Interview de Sylvie GOULARD

Publié le par Famagouste

Quel est votre parcours et vos fonctions ?

J'ai commencé ma carrière dans la fonction publique française (ministère des affaires étrangères), à ma sortie de l'ENA . Puis j'ai cherché à acquérir une compétence dans le domaine de la réflexion en allant au CERI (Sciences Po) et en enseignant. J'ai ensuite passé trois ans à la Commission, dans le service de prospective du Président.

Comment est né votre intérêt pour l’Europe ?

L'Europe m'a toujours passionnée, par la richesse des contacts qu'elle permet. Construire ensemble, sur la base d'expériences culturelles, linguistiques, politiques, sociales différentes, est une école d'humilité et d'enthousiasme. C'est le suel projet politique motivant et amusant.

Quel est votre premier souvenir européen ?

1) Un toboggan extraordinaire, dans un jardin public à Milan. J'en ai déduit que cela pouvait être vraiment mieux ailleurs.
2) La liste des noms des morts de la paroisse, que je lisais, pendant la messe, quand mon esprit vagabondait. Deux, portant le même patronyme, étaient morts le même jour. Etaient-ce des frères ? J'en ai conçu un dégout viscéral, profond de la guerre et un intérêt jamais démenti pour
l'Allemagne.

D’après-vous qu’est ce qui va changer dans notre vie de tous les jours d’ici les prochaines années par rapport à l’Europe ?

J'espère qu'on nous demandera notre avis sur une décision aussi fondamentale que les élargissements, sinon il y aura une crise majeure.

Que retenez-vous de l'année 1989? le Bicentenaire de la révolution française ou la chute du mur de Berlin?

La chute du mur de Berlin, sans aucun doute. Le premier était une commémoration, parfois réussie mais artificielle, reconstituée.
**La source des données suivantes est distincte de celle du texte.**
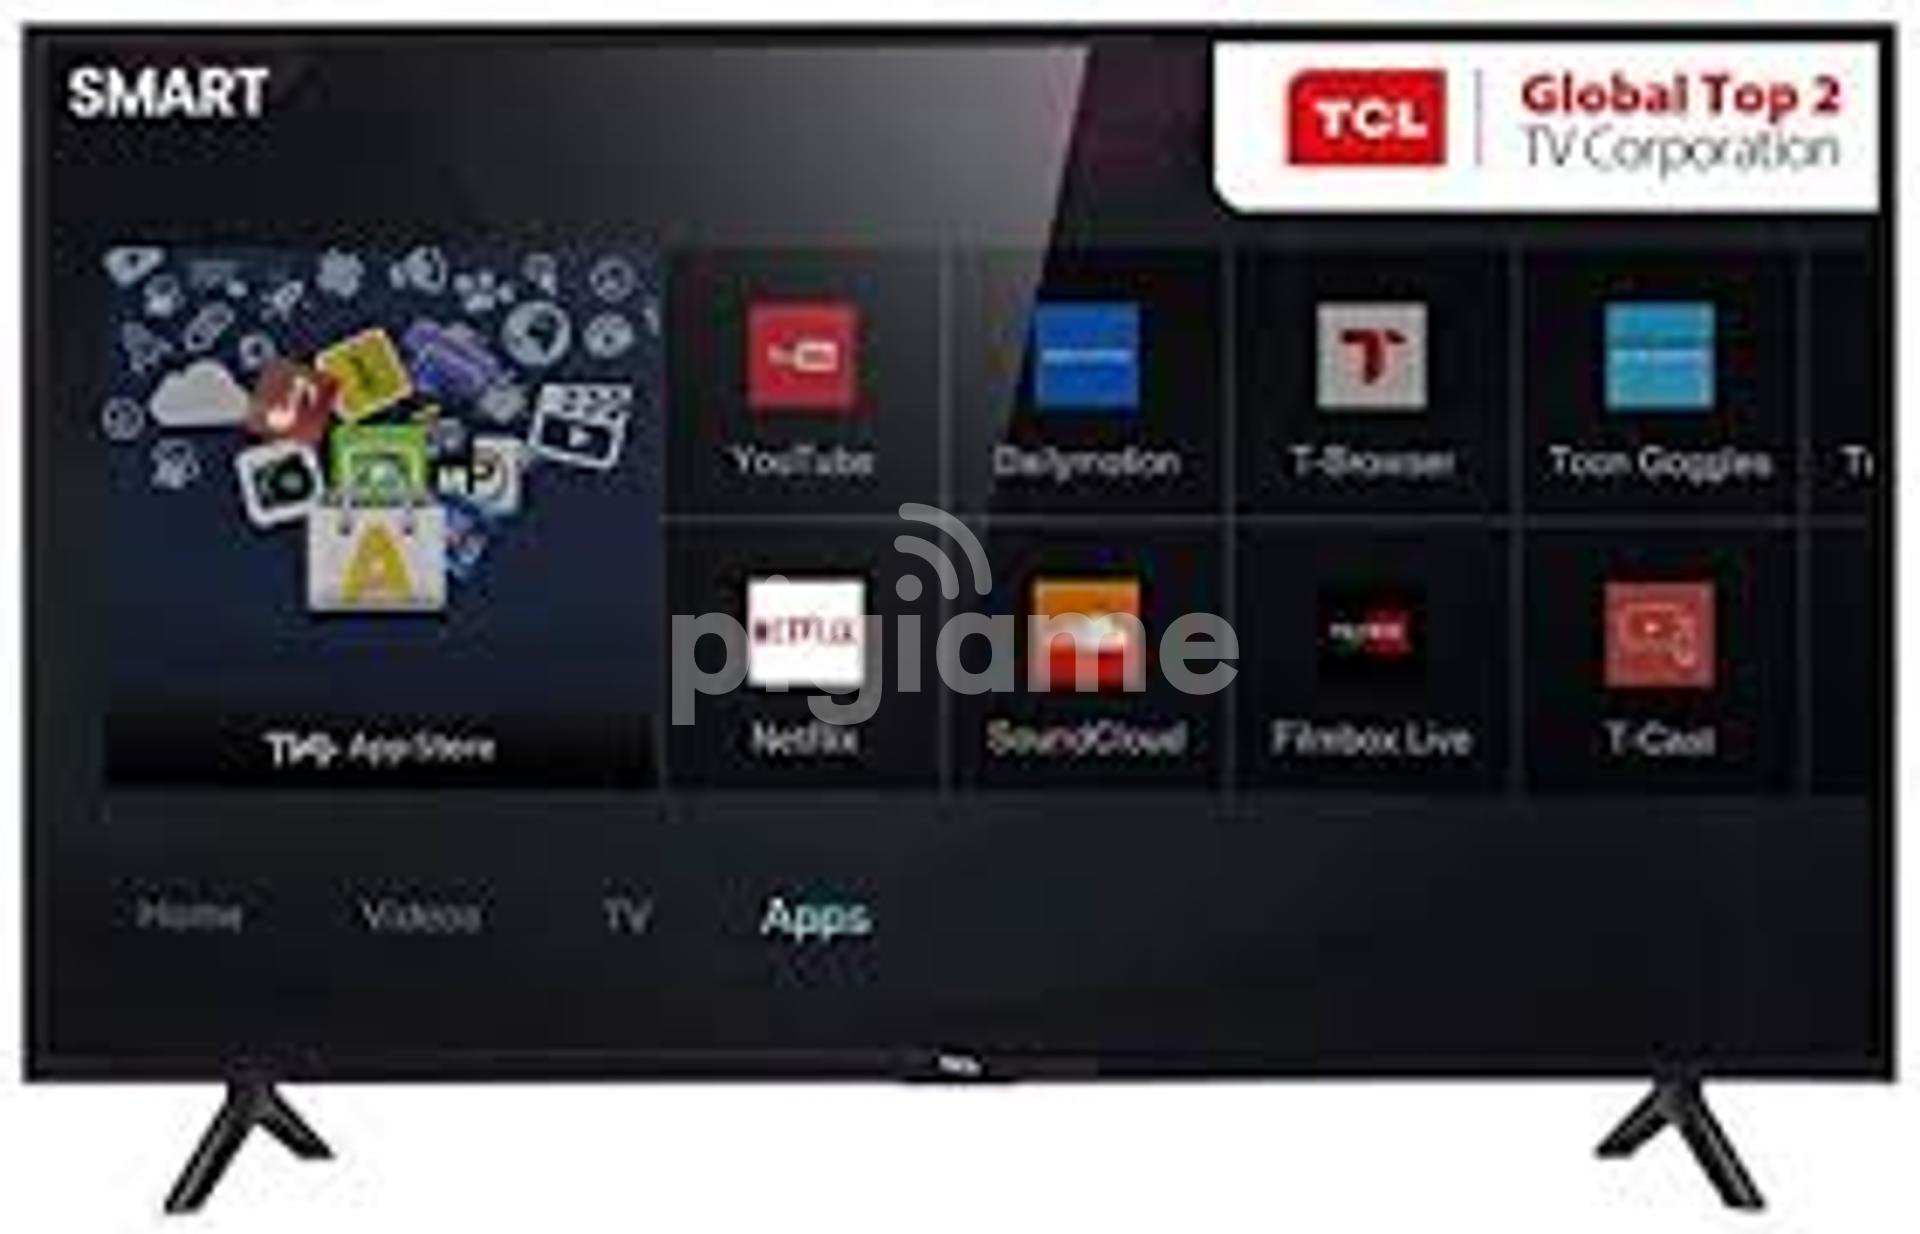 Днс телевизоры андроид. TCL TV s6500. TCL Smart TV. TCL Android TV 32s6500. Телевизор смарт ТСЛ.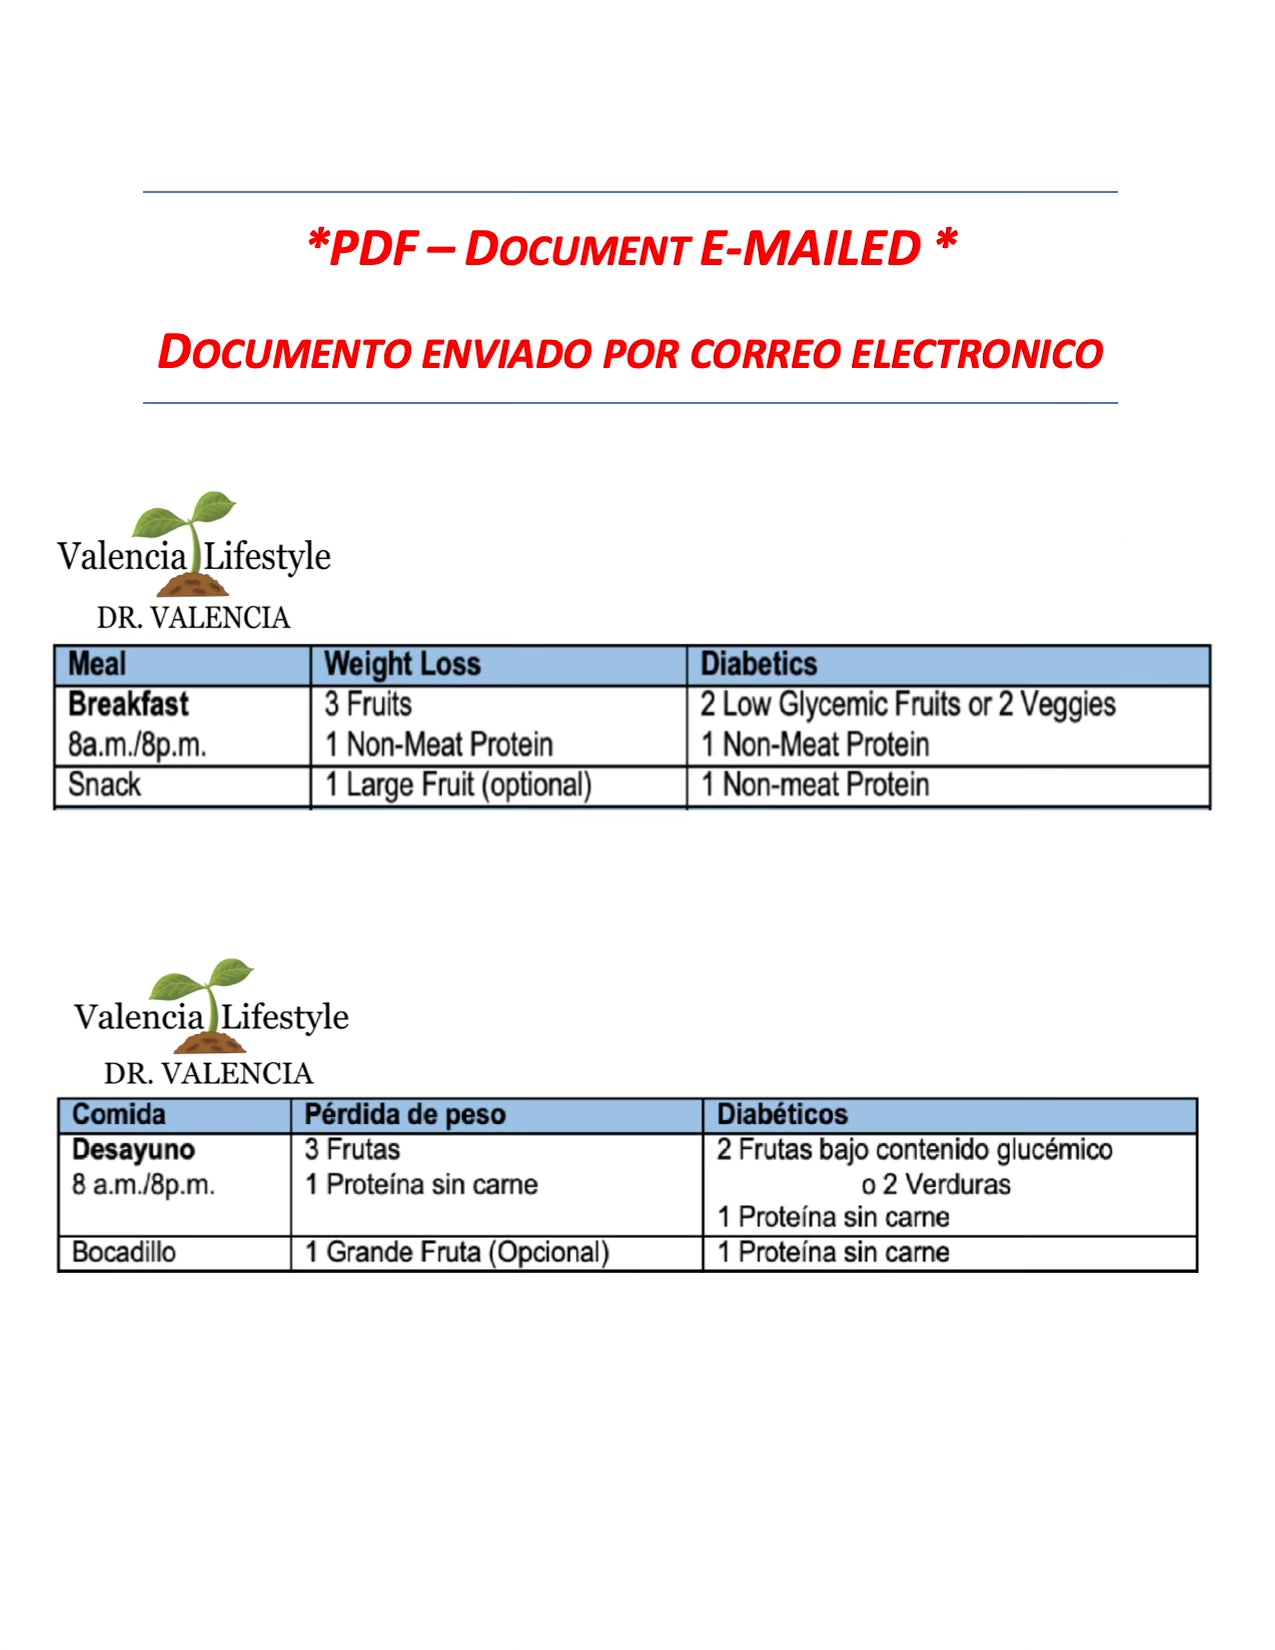 Dr. Valencia New Lifestyle Plan *PDF  (Portable Document Format)*   /Dr. Valencia Nuevo Plan de Estilo de Vida *PDF (Formato de Documento Portátil)

L'autre c'était la vie en marche. Je lisais la presse allemande chaque jour, en parlais sans cesse avec des amis allemands, suivais les manifestations
de Leipzig au jour le jour. Le 9 novembre fut une joie extraordinaire. Et j'ai eu la chance d'être dans l'équipe française qui a négocié le traité 2+4, unifiant l'Allemagne. La précipitation des evènements fut incroyable.

Que faisiez-vous en 1973 lors du premier élargissement de l’Europe ? Avez-vous été marqué par cette étape ?

Mauvaise question qui montre que vous me vieillissez...Je devais être sur le tobbogan précité.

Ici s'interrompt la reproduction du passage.